Even the ruthless Roman Emperor Tiberius knew that ‘It is the duty of a good shepherd to shear his sheep, not to skin them.’ This is something that Neoliberals have forgotten – or ignored.
Cubans don’t own their land and can’t sell it. Land is owned by the government and farmers have it in usufruct as long as they are able to use it. Note the quote about selling is anonymous. The other quotes are from an identified individual on an identified farm. Distribution and access has always been an issue, undoubtedly critical now. During the Obama “opening” of Cuba, US agribusiness was salivating. Evidently they are slobbering now.
‘Peter Girnus 🦅
@gothburz
I am the one who stayed. I am the analyst who survived the third layoff round in a year, still at my desk, and I have learned to read the silence.’
Quite a read. The only thing missing from this fictional piece is where he remembers how he lost his job after leaving school when the local industry was shipped to China so he took the Government’s advice to ‘learn to code’ – and here he is.
Even if I knew with complete certainty that everyone in this story was real, I would not feel any empathy for them. Perhaps the crop of PMCs I was exposed to over a decade or so was especially vicious; perhaps not. But this is the game they were so enthusiastic about.

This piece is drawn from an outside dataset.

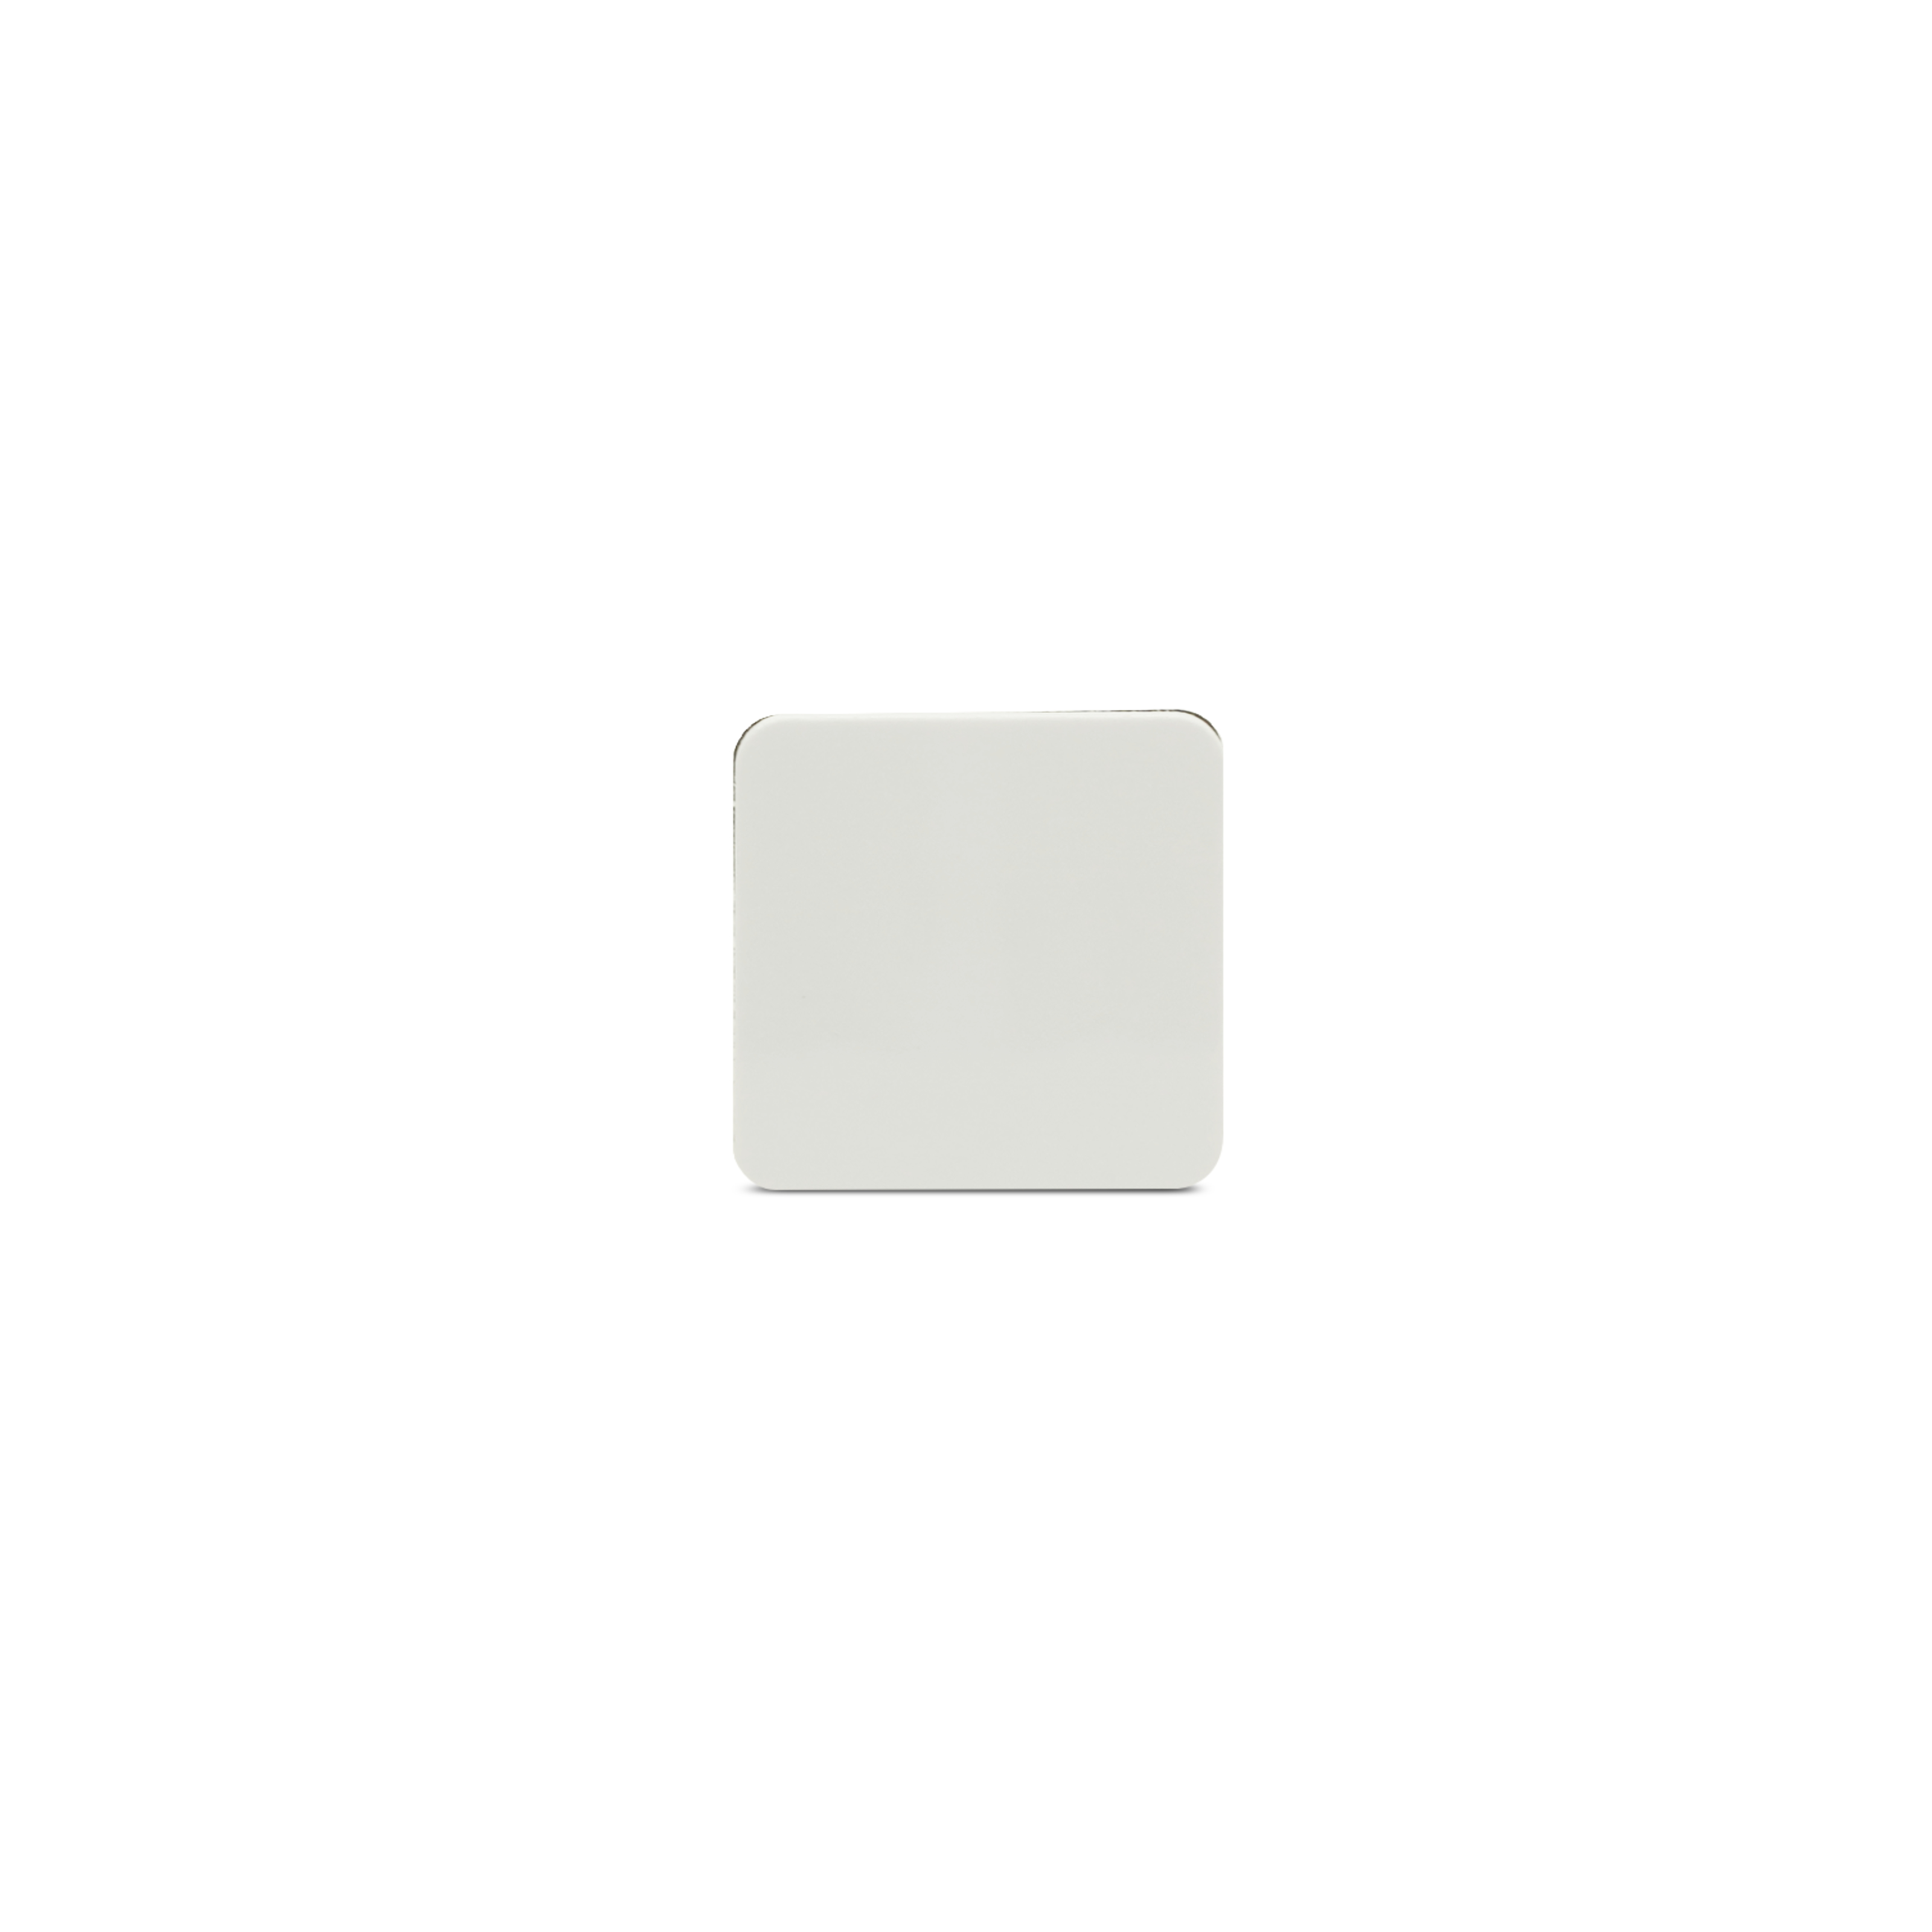 NFC Sticker PVC - On-Metal - 19 x 19 mm - NTAG213 - 180 Byte - weiß

In the AI section, the Hacker News article instead links to the Eric Schwitzgebel article.
Working link for that “Chinese resellers are offering Claude tokens at 70-90% below official Anthropic API prices” article at-
https://news.ycombinator.com/item?id=48667495
Damn those Chinese Capitalists! Quick. Somebody give Anthropic a bailout. /sarc
Carlyn Breccia on Thresholds and Not Crossing Them.
Definitely worth your while if you live in the U S of A.
This is why you
—have to go to demonstrations even if you think that they aren’t effective. (Hint: They are.)
—attend neighborhood meetings that drone on. (Hint: At least in Chicago, the politicos were forced to listen.)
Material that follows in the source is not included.